Na última semana, o Tribunal Superior Eleitoral (TSE) firmou entendimento no sentido de que é ilícita a propaganda eleitoral veiculada por meio de adesivos afixados em veículos utilizados para o transporte remunerado de passageiros por aplicativos.
A conclusão foi alcançada no julgamento de recurso especial interposto contra decisão do Tribunal Regional Eleitoral de Pernambuco (TRE-PE), que havia aplicado multa no valor de R$ 2 mil a um candidato cuja propaganda foi divulgada, durante as eleições municipais de 2024, mediante conhecido adesivo microperfurado contendo seu nome e o número com o qual disputava o pleito, instalado em um automóvel destinado ao transporte de passageiros.
A decisão do TSE revela-se juridicamente acertada e representa importante atualização da interpretação das normas eleitorais diante das novas dinâmicas sociais e econômicas. A crescente utilização de plataformas digitais de transporte transformou esses veículos em espaços de circulação intensa e permanente, circunstância que impõe ao Direito Eleitoral o desafio de adaptar institutos tradicionais às novas formas de utilização dos bens privados.
A vedação, aliás, não constitui novidade no sistema jurídico-eleitoral. Em bares, restaurantes, clubes e estabelecimentos comerciais, por exemplo, embora se trate de propriedades particulares, é pacífico o entendimento de que não se admite a veiculação de propaganda eleitoral ostensiva, justamente porque são locais franqueados ao acesso da coletividade.
O critério adotado pela legislação jamais foi exclusivamente a titularidade do bem, mas, sobretudo, sua destinação e o grau de acesso conferido ao público em geral.
Foi precisamente essa a premissa ressaltada pelo TSE ao aplicar o disposto no § 4º do art. 37 da Lei nº 9.504/1997 (Lei das Eleições), segundo o qual os bens particulares acessíveis ao público, sem maiores restrições, equiparam-se, para fins eleitorais, aos bens de uso comum.
Evidentemente, essa equiparação não altera a natureza jurídica do patrimônio sob a perspectiva do Direito Civil ou do Direito Administrativo. Trata-se, apenas, de uma ficção jurídica criada pelo legislador para estabelecer limitações específicas durante o período eleitoral, em atenção aos princípios que regem a disputa democrática.

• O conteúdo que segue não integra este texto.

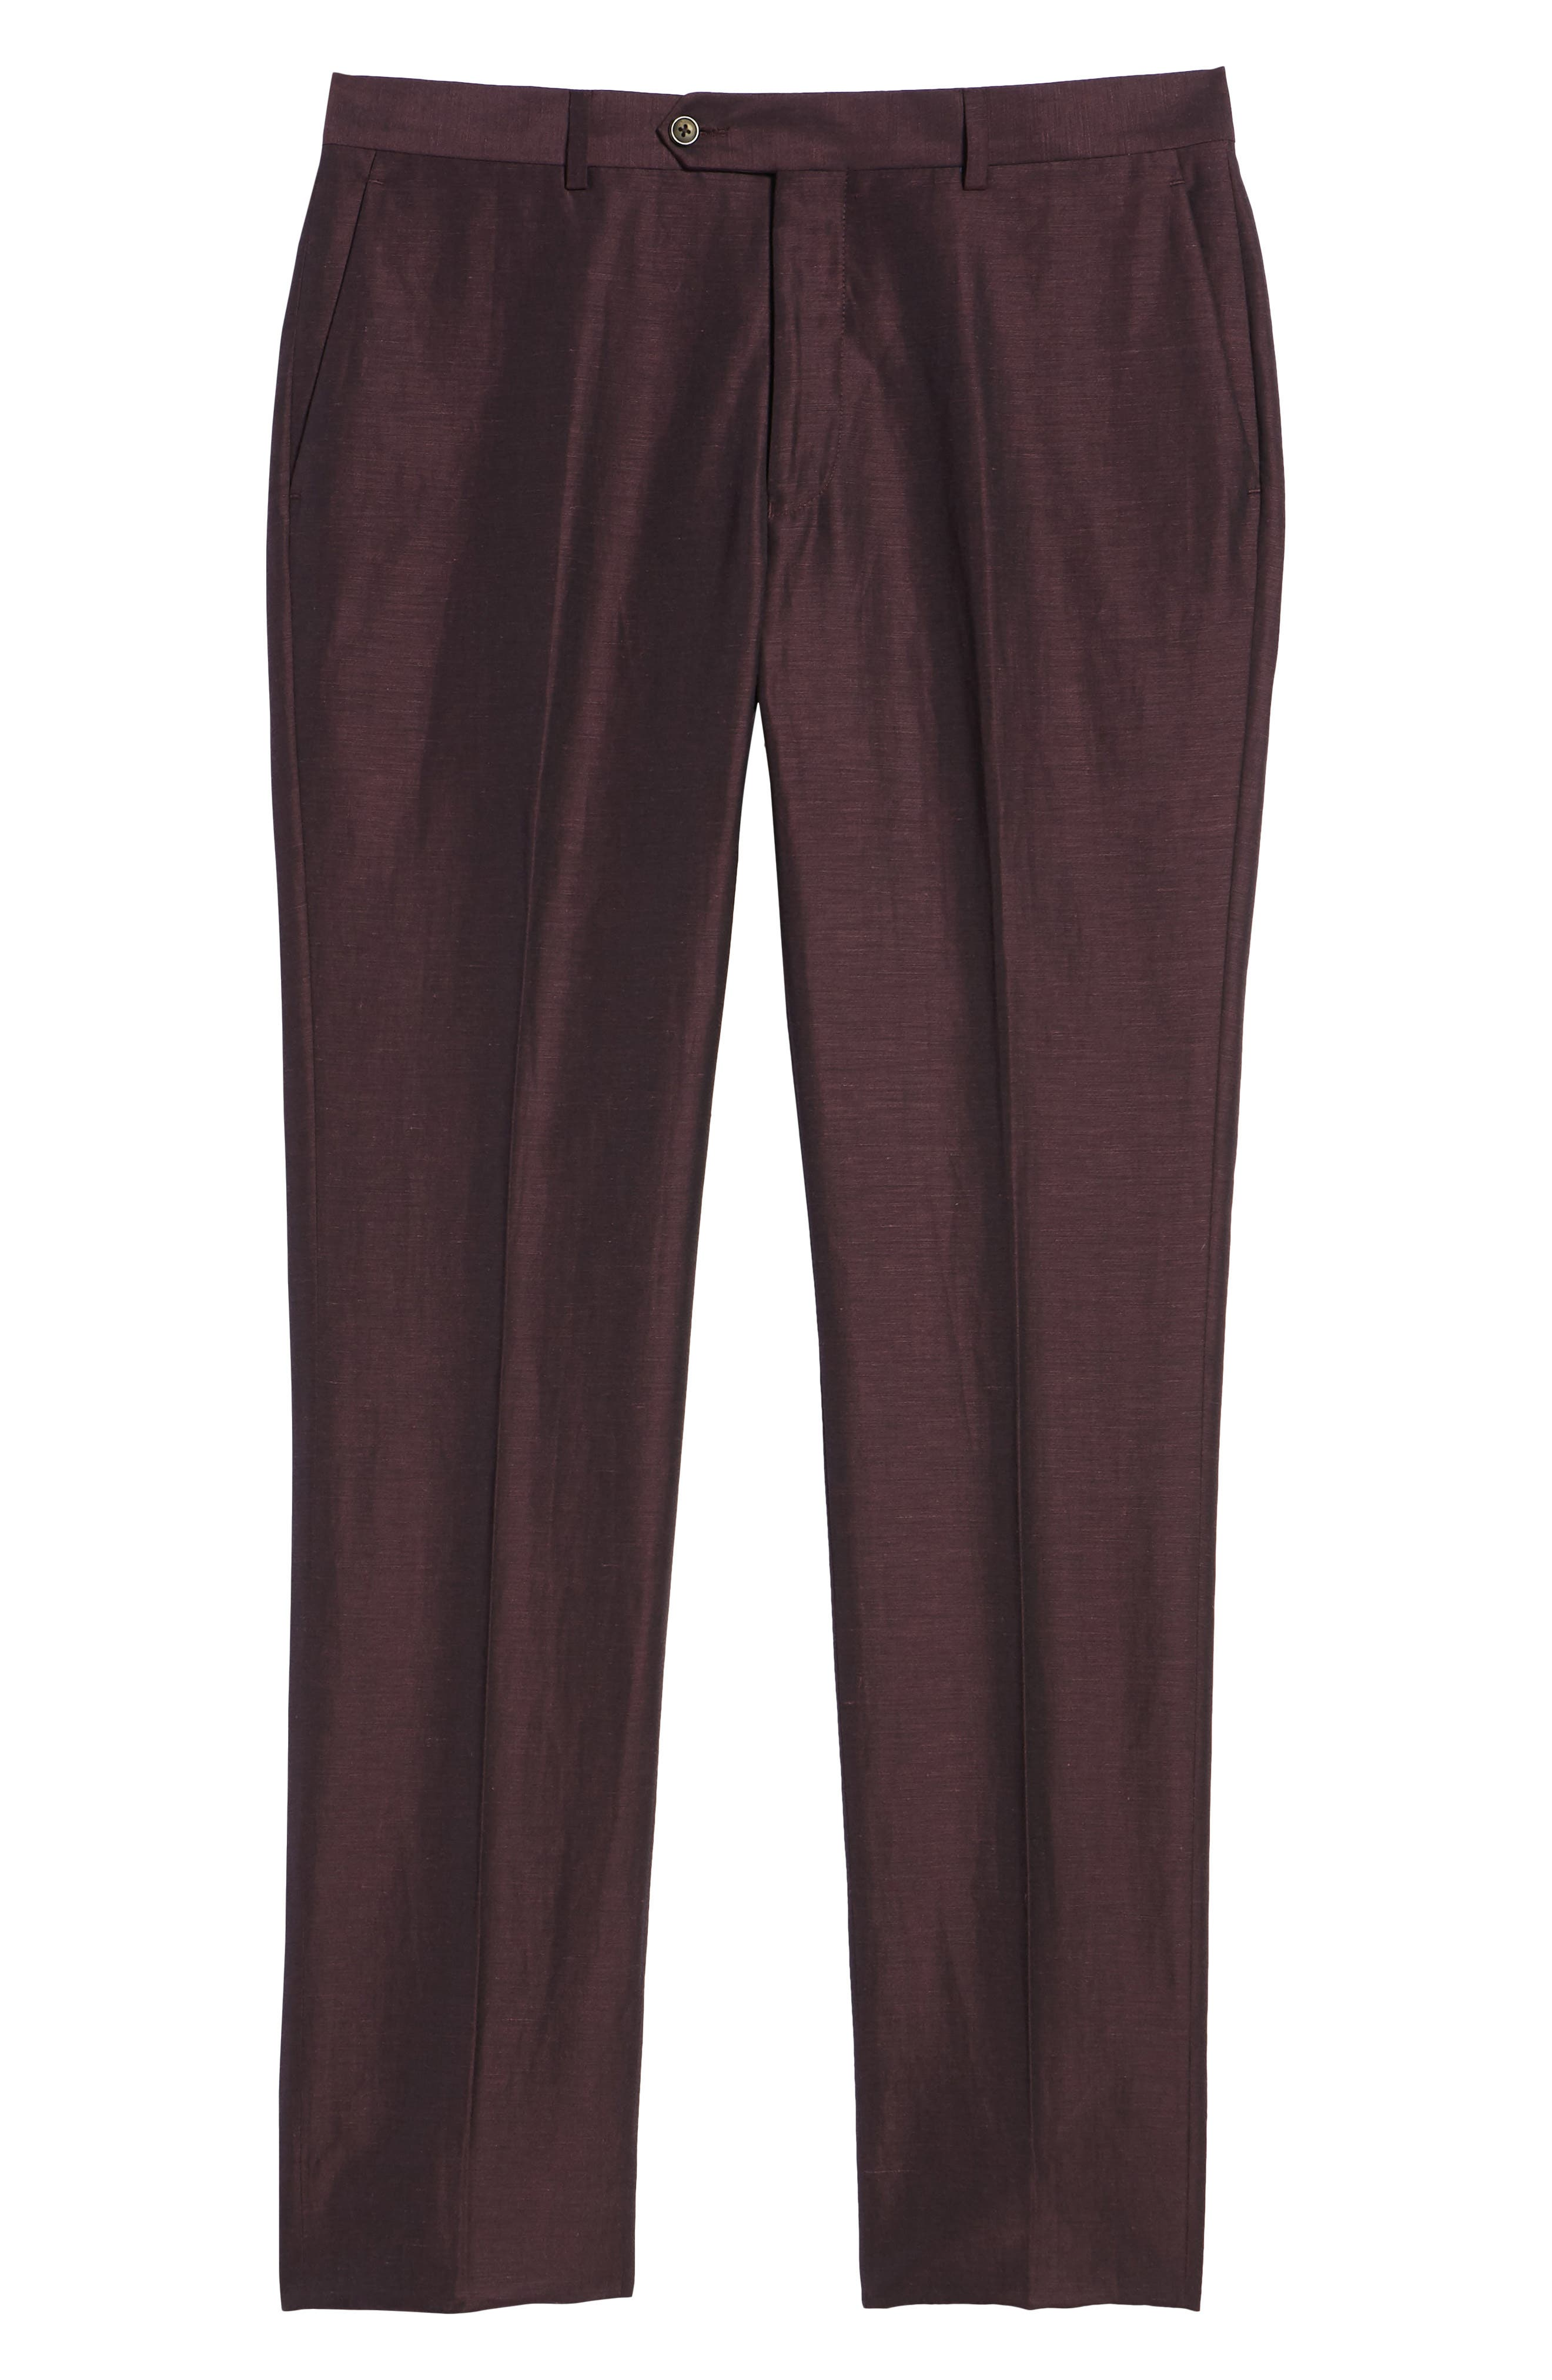 Dagger Flat Front Solid Wool & Linen Trousers,                             Alternate thumbnail 6, color,                             Plum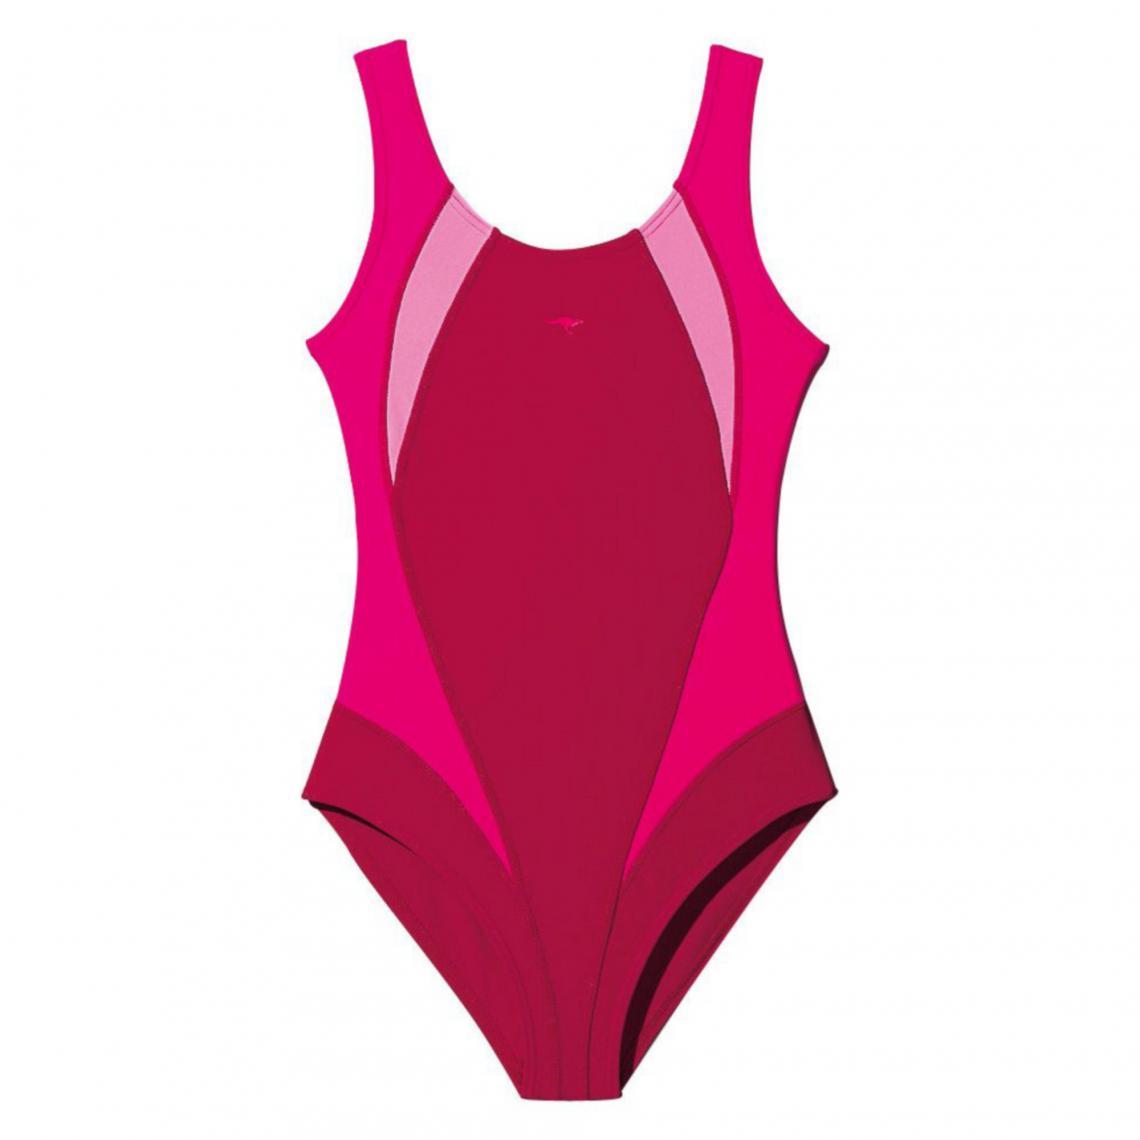 ed0d75f219 Maillot de bain natation 1 pièce fille Kangaroos - Rose KangaROOS Enfant

Nessa perspectiva, o veículo particular, embora permaneça inserido na esfera patrimonial de seu proprietário, ao ser utilizado para o transporte de passageiros por aplicativos passa a desempenhar função que extrapola o interesse exclusivamente privado.
Ao circular continuamente por vias públicas e transportar usuários indistintos, torna-se bem acessível à coletividade, sujeitando-se, por consequência, às restrições impostas pela legislação eleitoral, que proíbe a propaganda tanto em bens públicos quanto naqueles considerados de uso comum, independentemente de sua natureza pública ou privada.
A finalidade dessa limitação outra não é senão preservar a igualdade de oportunidades entre os candidatos e impedir que determinados concorrentes obtenham vantagem indevida mediante a exploração de espaços de elevada exposição pública.
Em um cenário no qual milhares de veículos de aplicativo transitam diariamente pelos centros urbanos, admitir sua utilização como suporte para propaganda eleitoral significaria criar um mecanismo de divulgação permanente e de grande alcance, potencialmente acessível apenas àqueles com maior capacidade financeira.
Sem embargo das dificuldades práticas da aplicação do entendimento (que demandará auxílio da população por canais de denúncias), ao reafirmar essa compreensão, o Tribunal Superior Eleitoral não apenas solucionou uma controvérsia específica, mas também consolidou interpretação compatível com os princípios da isonomia, da normalidade e da legitimidade das eleições.
Em tempos de constante transformação das formas de comunicação e de circulação de informações, decisões dessa natureza demonstram que a legislação eleitoral permanece apta a responder aos desafios contemporâneos, preservando o equilíbrio da disputa e a integridade do processo democrático.